January 26, 2006

TM introduction

David Lynch's TM presentation

I happened to see part of this presentation that took place at the UW, on cable today [January 7, 2006]:

Consciousness, Creativity, and the Brain

I wouldn't have paid attention to a lecture about meditation, but the part I came in on was showing pictures of activation in areas of the brain, like it was a real science show. They think, and want you to think, that a person who has anger problems or has been abused will have what are called "functional lesions" in the frontal area of their brains, areas where activity is lower as if there are physical lesions, compared with a normal brain scan.

The speaker, Dr. Fred Travis, claimed that when you're stressed, it causes this damage because your brain does "down shifting" to depend more on the motor area for activity, which can lead to making blunders like running to class and forgetting your homework. He explained that the frontal areas do the conscious decision making, "That's where your David Lynch is." He blames damage there for poor decision making, such as violent behavior.
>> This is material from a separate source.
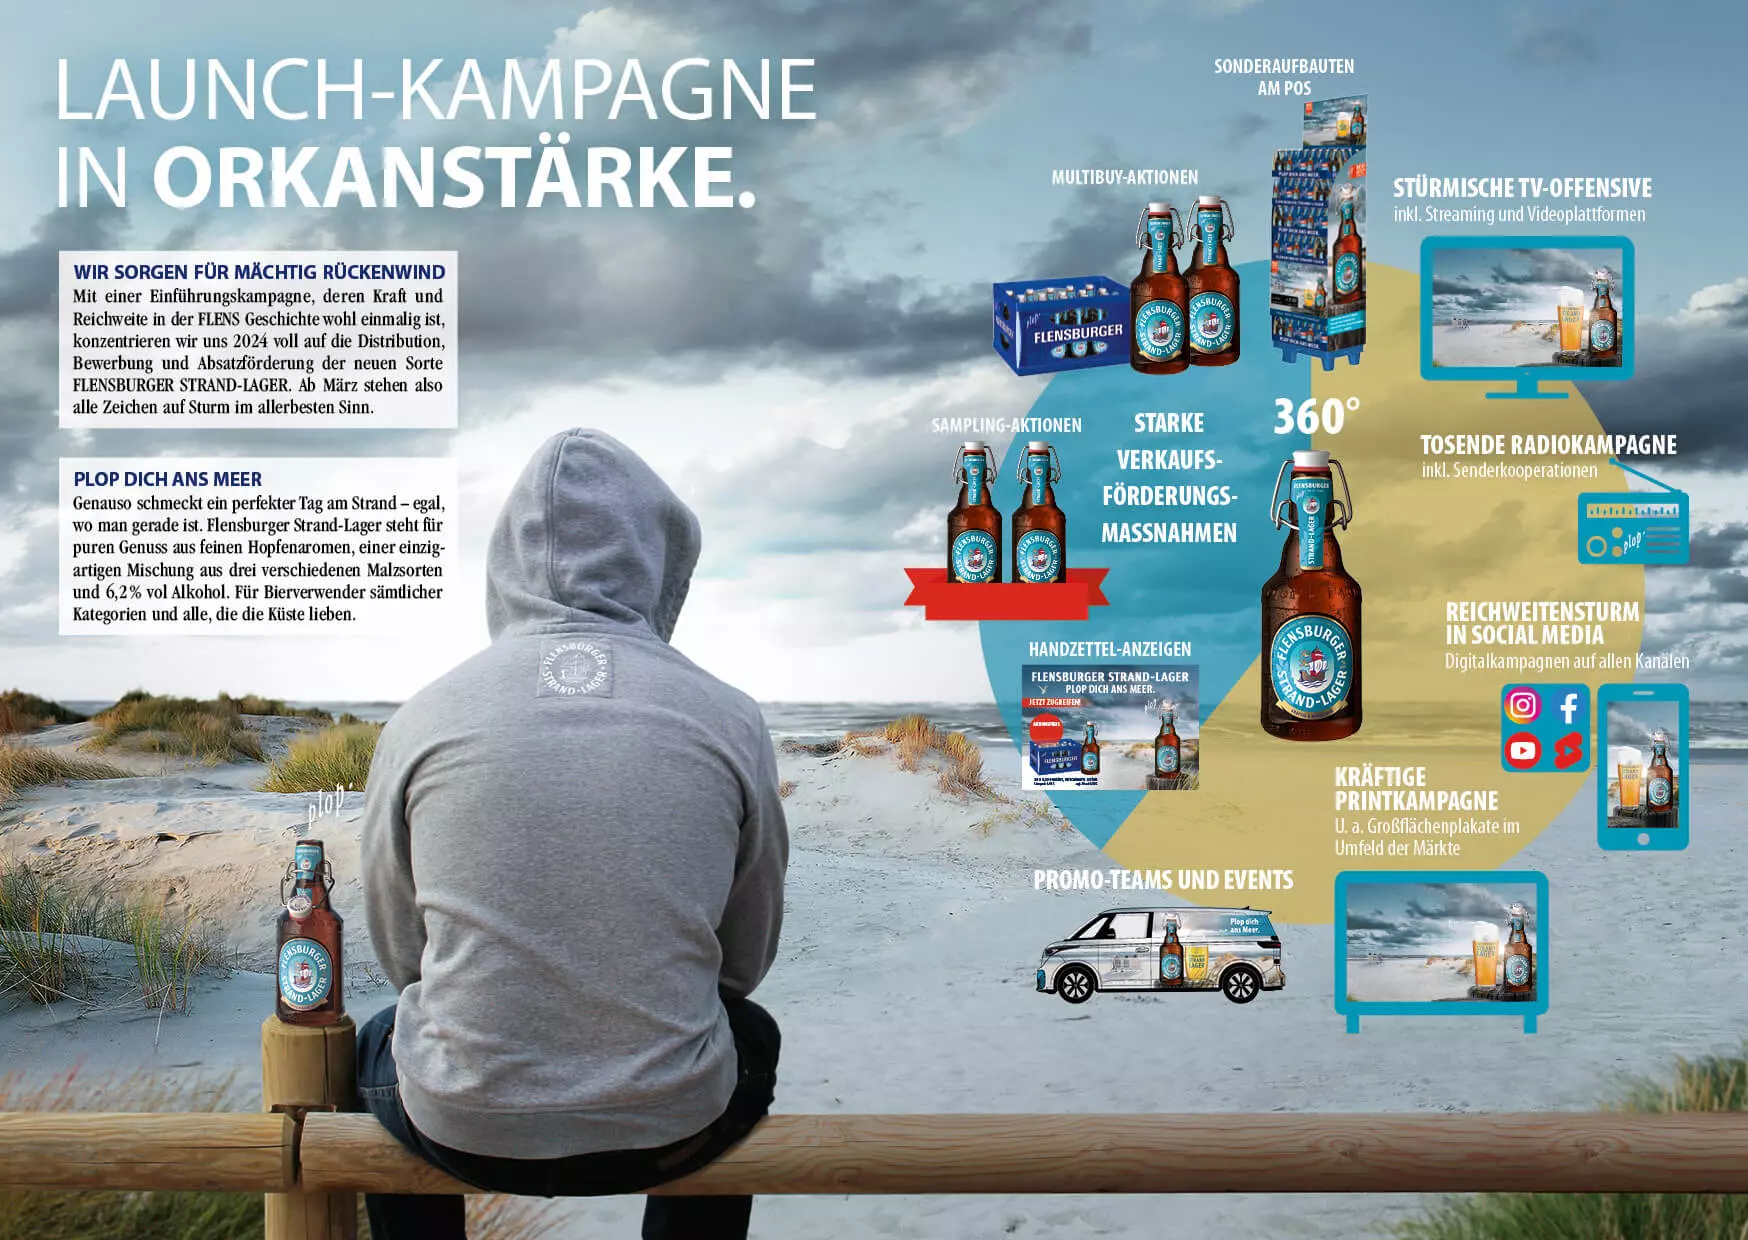 Launch-Kamapgne in Orkanstärke: Infos über die Werbekampagne.

Then the show got even better: They had a young man hooked up to an electroencephalogram and pointed out the differences in the graphs they showed on screen for the front and back of his brain as he they had him blink, close his eyes, open his eyes, and lastly, meditate. (A disclaimer on the screen said due to technical difficulties, some of that was recorded separately.) It made it look like meditating has some scientifically measurable effect, compared to just closing your eyes.
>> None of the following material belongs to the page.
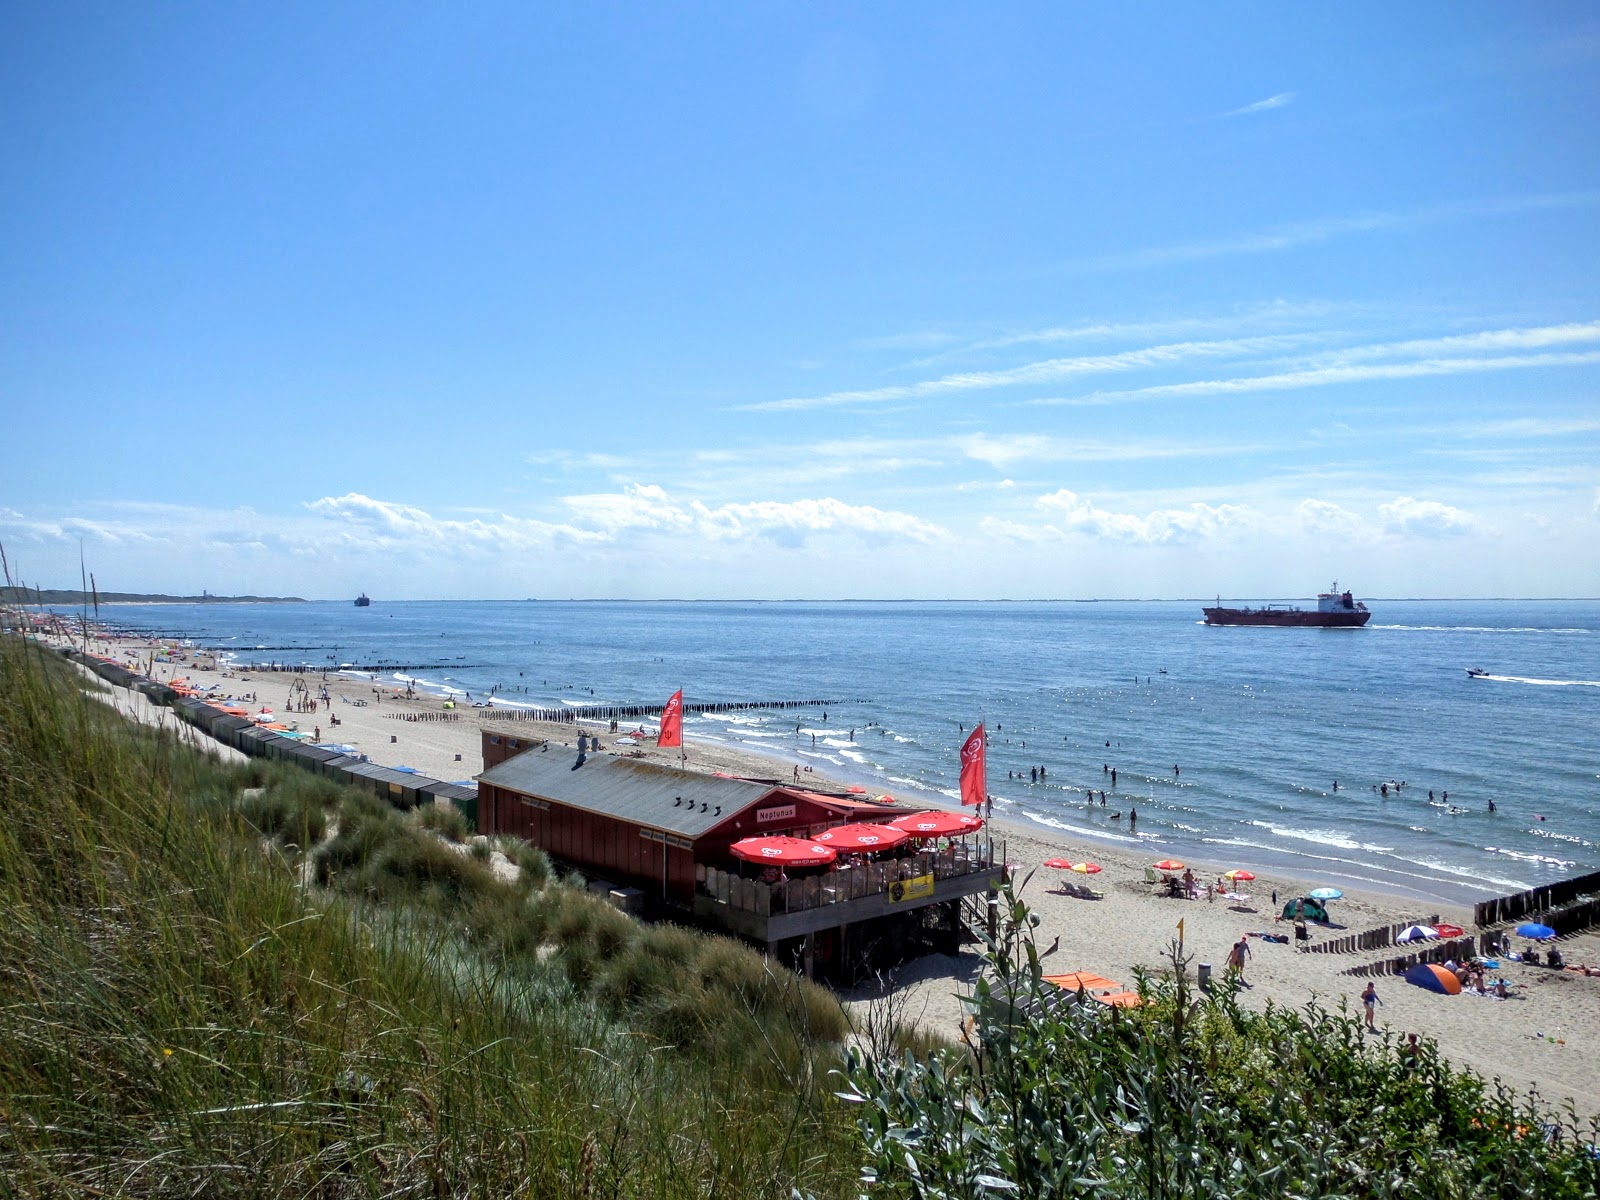 Joossesweg beach'in fotoğrafı parlak kum yüzey ile

David Lynch and the other speakers talked for a few minutes about the benefits of transcendental meditation and surprisingly it wasn't boring. Knowing that the TM movement is like a religion, it seems like they may have been exaggerating with some of the success stories, such as reducing recidivism in a prison in Africa. (Once I heard a Christian missionary give a speech about a miracle in some place in Africa: lightning out of a clear blue sky that killed a lion. That sort of story about a place that listeners can never check on, if presented as if it is evidence rather than just a story, reduces the credibility of a presentation.)

The closing title screen gave this web address:

www.davidlynchfoundation.org

You can watch or download a video of the "Consciousness, Creativity and the Brain" presentation that was given at Emerson College in Boston (77 minutes). Film students ask Lynch questions about his movies for the first few minutes, until a film teacher asks the expected question about what TM can contribute to film making creativity and he starts on his speech about it.

After a few more questions, John Hagelin the physicist, who was in the movie "What the Bleep Do We Know?" gives a speech about consciousness.

From 48:40 on, the presentation is similar to what I saw and described above, but with a little more apparent nervousness and searching for words, and not seeming to make the entertaining points as well, showing that a month and several tries later, they had improved their presentation. That's evidence of thinking on their feet, an ability which they would probably credit TM for enhancing.

What about the story of the prison in Africa? The first version I looked at: abstract from Journal of Offender Rehabilitation, 2003. It says in Senegal, TM was introduced in prisons from 1987 to 1989, and recidivism went from 90% down to 3%. Next I found a webpage by David Orme-Johnson, Dean of Research, Maharishi International University, from 2001 that said recidivism went down to 8%. Here's a paragraph from an article from Corrections Today, December 1991:

"Before the TM program was introduced in Senegal in January 1987, inmates there returned to prison at a rate of about 90 percent within the first month. After TM had been instituted, a study of 2,400 inmates released through an amnesty in June 1988 revealed that fewer than 200 of them returned within the first six months-80 percent of those who returned did not practice the technique."

So the prisoners who didn't reoffend were released in an amnesty, not the usual releases. That means they might not be the usual inmates held for short times for offenses that are often repeated.

A letter from Colonel Mamadou Diop, Director of the Penitentiary Administration (in Senegal,) from January 1989, to one of the writers of later articles about it, who translated it from French, gives the same information, plus more details. It's at www.tmscotland.org/popup/senegal although the index of the site is not up. It appears to be the source behind the other stories. It contains this sentence just before the recidivism statistics:

"Indeed, we can say that in Senegal usually about 90% of the inmates released after serving their sentence (or those released because of the yearly presidential pardon) come back to prison within one month."

So the author (or maybe the translator?) has thought of adding the parenthesis about the yearly pardon to make the implications more scientific. Still, did the pardon in 1988 release the right prisoners for once?

Senegal is a majority Muslim country. Transcendental Meditation is associated with Hinduism. It seems unlikely they would let there be TM classes in the prisons for both the prisoners and guards, but maybe that's why the project was discontinued despite seeming so successful. Some critics of the TM movement say that studies about any form of meditation are called evidence for TM, so maybe it was some form of Sufi meditation.

Who knows what really happened? There are some countries where you can buy forged documents from government officials to have evidence for whatever you like.